Permitting, Fellows insists, is a key that unlocks many solutions. And it doesn’t mean tossing out environmental standards with the heavy metal residue.

“We’re not talking about making environmental regulation less stringent,” he said. “What we’re talking about is simply ensuring the process is expedited without losing any of its integrity.

“What we’re pointing out is that in other well-developed, civilized countries such as Canada and Australia, this permitting process is carried out to the same kind of environmental standards in timeframes of two to three years, as opposed to seven to 10 years we see in this country.”

Hecla Mining CEO Phil Baker said the extensive permitting process is devastating.

“There isn’t anyplace in the world that can do a better job of producing products safely, with environmental protection, as cost-effectively as here in the U.S.,” Baker said. “We have the most innovation, the best organization, the best work force and the best flexibility for the private sector to get that to happen, which provides a significant competitive advantage when operating in the U.S. But you need to have a regulatory environment that encourages that. And we have just the opposite. We have a regulatory environment that forces us to spend years and millions and millions of dollars to get the permits necessary to do the work, even at existing operations.”

U.S. Sen. Jim Risch said the regulatory burden that includes mine permitting has gone beyond excessive. He noted that in an average year, Congress will adopt roughly 800 pages of new laws. In that same average year, he said, the federal bureaucracy will adopt about 80,000 pages of new rules and regulations. And that’s not the worst of it.

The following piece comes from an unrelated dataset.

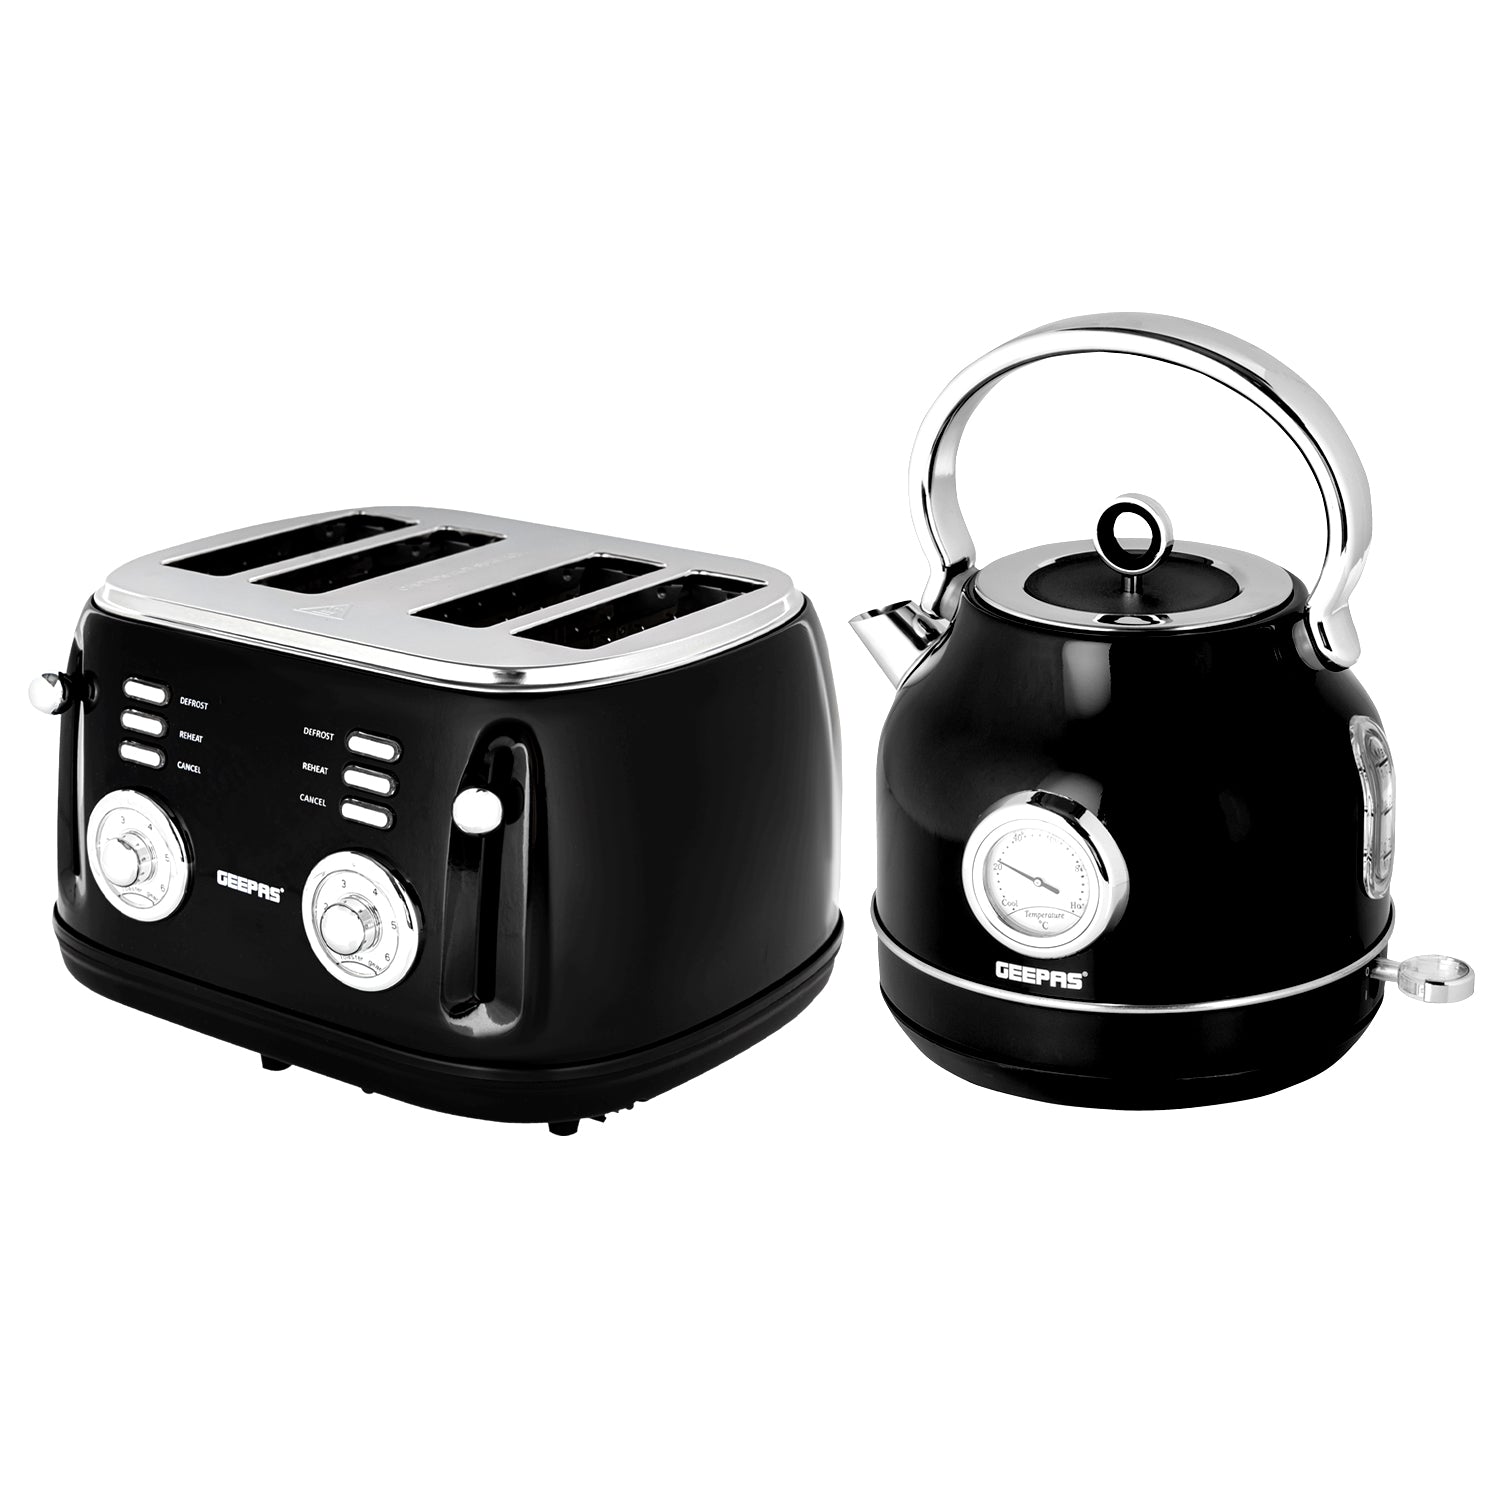 Cordless Electric Kettle & 4 Slice Bread Toaster Kitchen Set Kettle & Toaster Set Geepas | For you. For life. 
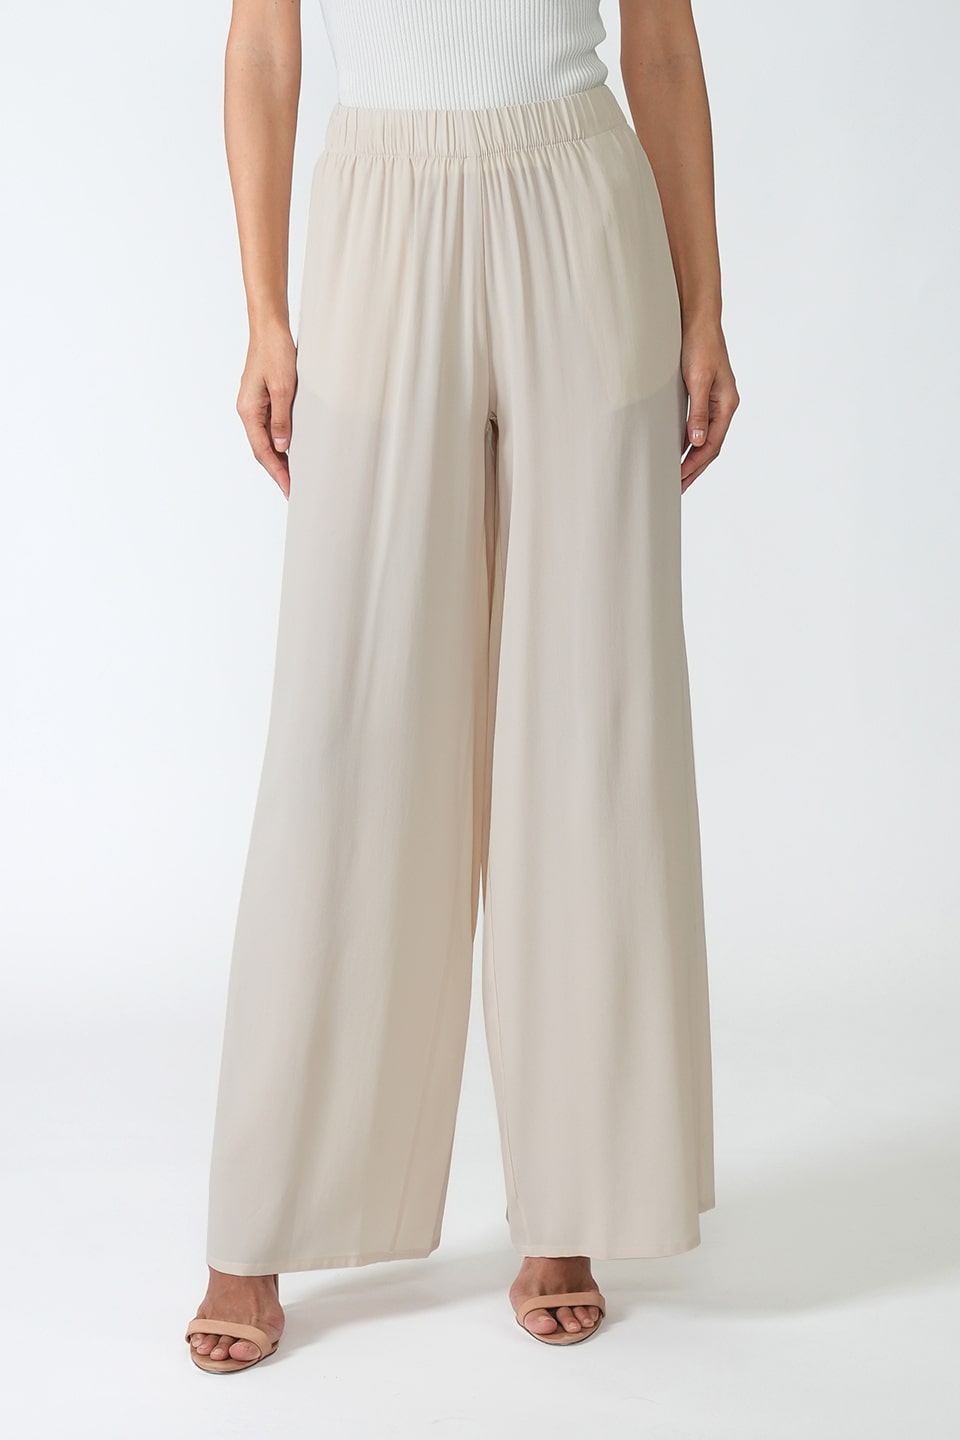 Shop online trendy Ivory Women pants from Federica Tosi Fashion designer. Product gallery 1

“For Congress to get rid of or amend a regulation, the House has to approve it, the Senate has to approve it and the president has to sign it,” said Risch, ranking member of the Senate Small Business Committee. “Bureaucrats have that power by themselves. They can put it in place . . . and it stays there forever until bureaucrats change it or Congress changes it. That’s outrageous.”

Hanady Kader, a spokesperson for the federal Environmental Protection Agency Region 10 office in Seattle, declined comment on specific questions about permitting and other regulations. However, she recommended questions be directed to other regulatory agencies and gave the following statement in response to the newspaper’s request:

“Mining operations commonly trigger the need for water and air permits and other authorizations or licenses that must be obtained from different levels — including local, state, and federal. EPA supports the approach of facilitating collaboration between applicants and regulatory agencies in addition to concurrent, rather than sequential, reviews for permits, which helps all parties engage early in the permitting process.

“EPA coordinates with federal and state partners, industry and the public to ensure mining proposals are consistent with existing laws and best-available science. However, with the exception of a few states in which EPA issues air and water permits pursuant to the Clean Air Act and Section 402 of the Clean Water Act, EPA is not generally responsible for issuing permits for mining-related activities. EPA provides comments and assistance to the U.S. Army Corps of Engineers, states, and other agencies that do issue such permits. EPA also has the responsibility to review Environmental Impact Statements prepared pursuant to the National Environmental Policy Act for proposed mining activities.”